Before and during the Civil War, Alexander Graham (1800-1865) and Elizabeth Purcell Graham (1806-1888) lived in a Greek Revival cottage on the east side of the Cheraw to Fayetteville Road, now Highway 401, two miles above Gilchrist Bridge on the Lumber River, in what was then the upper reaches of Robeson County. That part of Robeson County—where the Graham’s home was located—later became a part of Hoke County in 1911.

Many of the Graham neighbors were related: Mrs. Graham’s sister lived across the road in a two-story house (still standing); two of Mrs. Graham’s brothers lived not more than two miles distant; and she had an uncle at Mill Prong, three miles distant. All had large families.
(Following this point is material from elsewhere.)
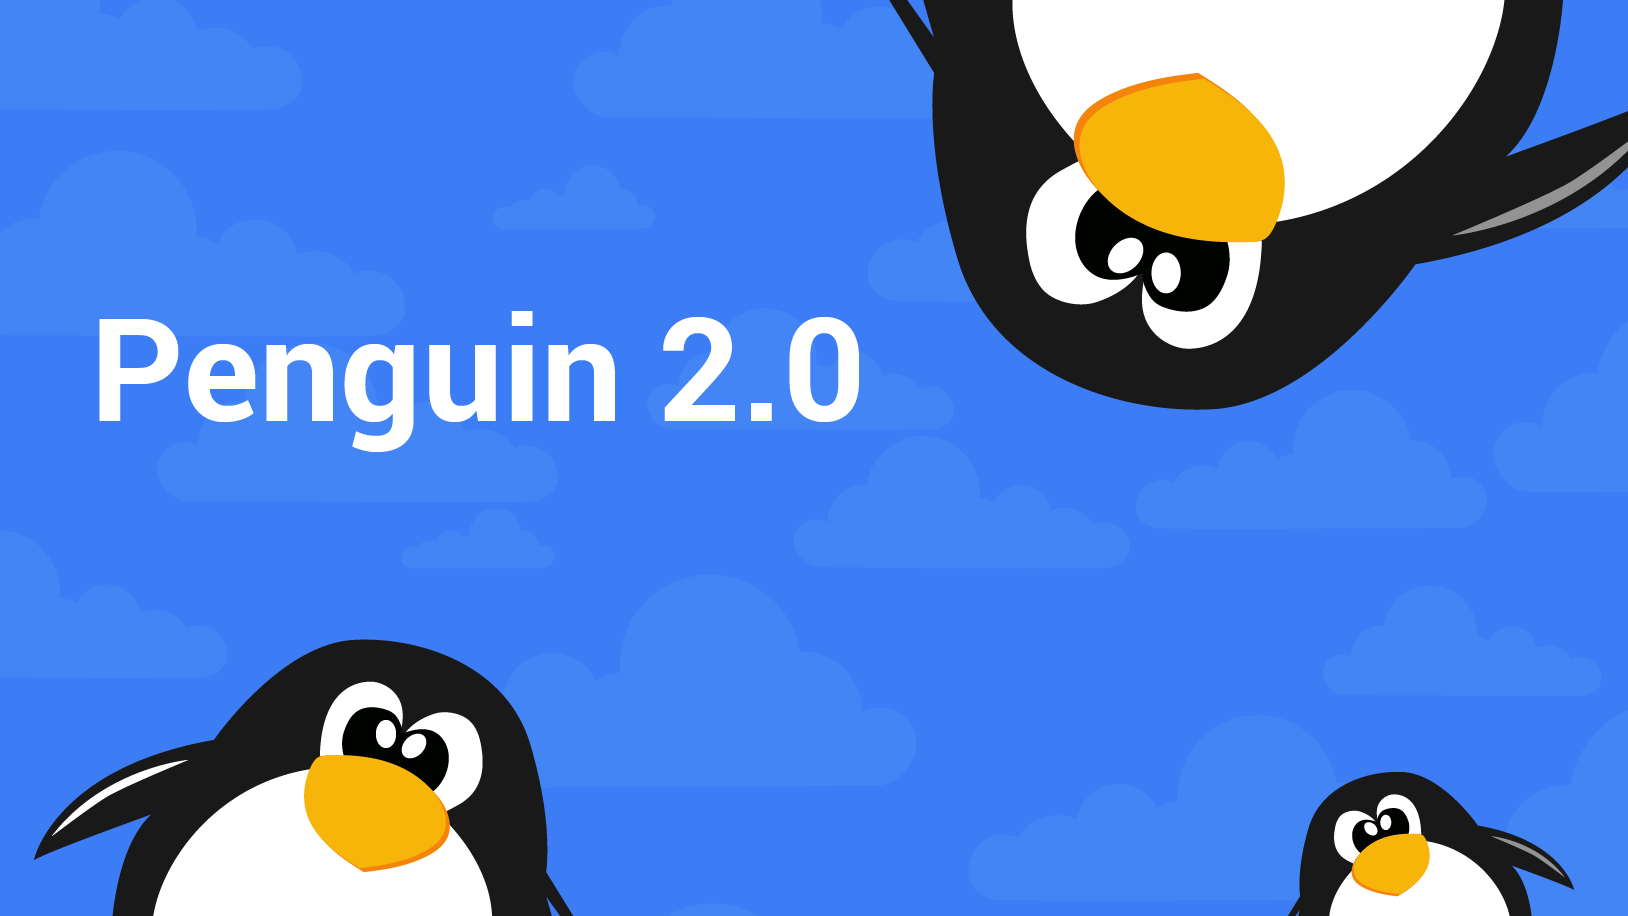 Google Penguin 2.0 update

The Grahams, like many of their neighbors, were Presbyterian descendants of Highland Scots. Deep tragedy was unknown to them, and while the Grahams had lost two children in infancy, six others had survived to reach their majority. Two sons served in the Confederate army. Their lives were tranquil until the disruption of war and, towards its end, the arrival of General W.T. Sherman and his army.

On March 8, 1865, General Sherman crossed over the North Carolina line, having left a path of destruction in South Carolina, and camped near Laurel Hill Presbyterian Church, ten miles south of the Graham home. According to John G. Barrett, author of The Civil War in North Carolina, some Union soldiers thought the area looked “real northern like [with its] small farms and nice white tidy dwellings” (301).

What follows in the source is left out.